No, a voice countered in the back of my head. That’s stupid. Quit trying to frighten yourself.
I descended the steps with excruciating slowness, the risers groaning beneath my weight. At the bottom of the stairwell, I took a deep breath while counting silently to five, then swung around the wall, exposing myself to whatever might be waiting for me.
The basement was empty. The main room was packed with our orphaned belongings—things we had not yet decided where to put—and the single bulb in the ceiling, which was on, cast shadows in every direction. I stood there holding my breath, waiting to hear another sound in order to pinpoint the exact location of the intruder—a raccoon or possum, surely—but other than the slamming of my own heart, the basement was silent.
Then something caught my eye: something that should not have been there because I’d thrown it away after we’d moved to England. In fact, my memory of throwing it into the trash behind our flat was so crystal clear I could almost feel the fading warmth of the sun on my shoulders and smell the trees off the back lot.

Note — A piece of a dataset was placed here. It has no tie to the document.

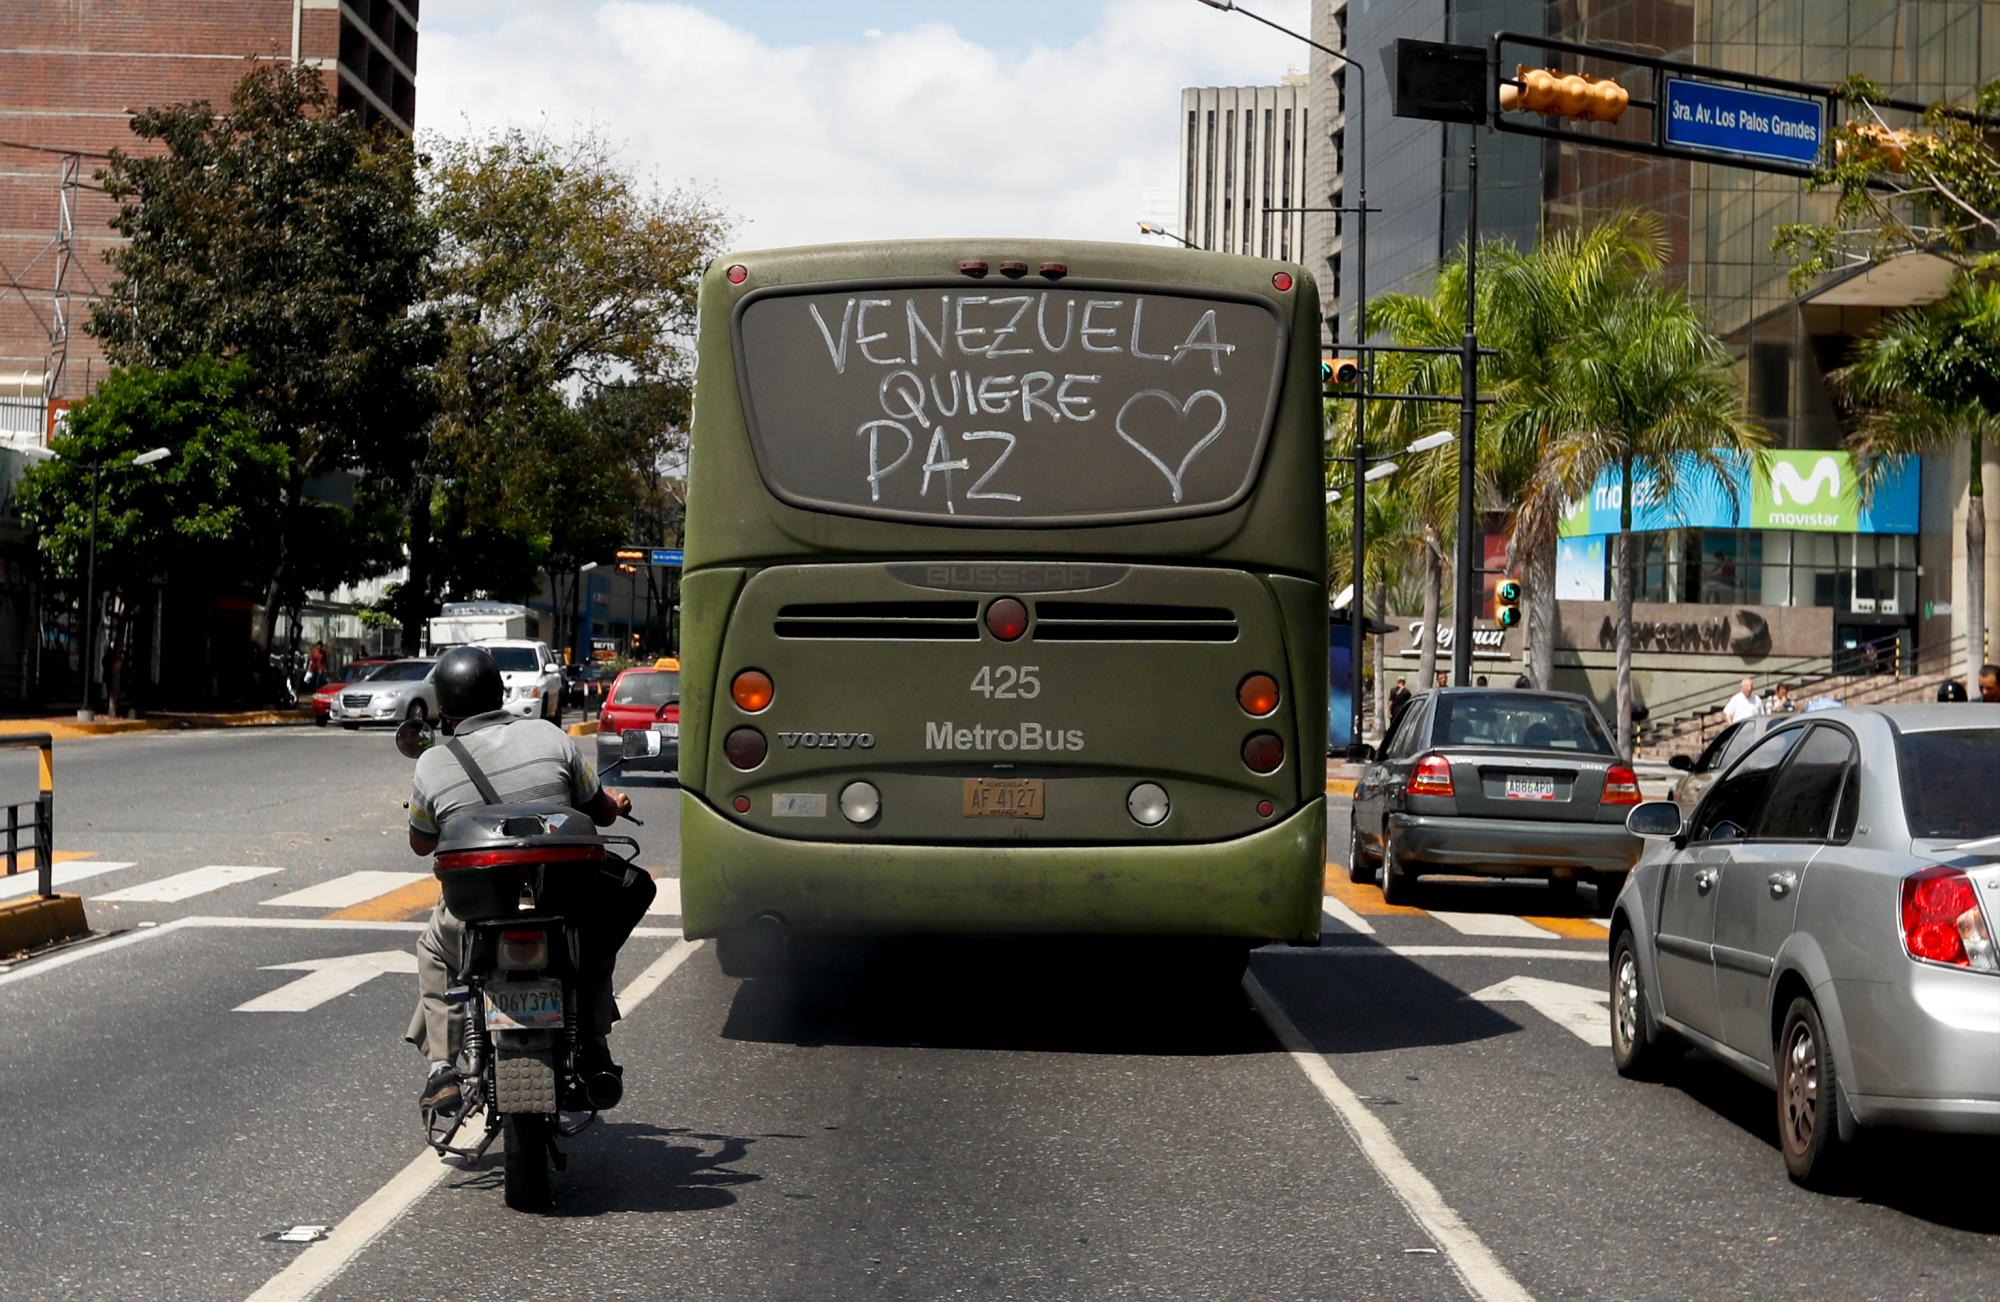 Un autobús con un mensaje en su ventana trasera que lee en español: “Venezuela quiere paz” recorre las calles de Caracas, Venezuela, el jueves 14 de marzo de 2019. Con largas colas en las paradas de transporte público y multitudes de personas en la entrada de algunas agencias bancarias, los venezolanos volvieron a la actividad el jueves después de cuatro días de parálisis como resultado del mayor apagón en la historia del país.

Because it’s not here, I thought. Because I threw it away and it no longer exists.
Nonetheless, I crept over to it, my shadow stretching long and distorted on the far wall. I knelt, still gripping my cell phone, and stared at it.
You need to cast an anchor and hold on to something before you can change direction, the therapist used to say. Then: What is it you’re always writing in those notebooks?
What was splayed out before me on the basement floor, like a bullet fired straight out of the past and into the future, was one of those notebooks. It was opened in the middle, and I recognized my childish handwriting on the pages, the ink smeared in places. These were my words about what happened to Kyle, a subconscious coping mechanism from my disheartened youth (something else the therapist had termed).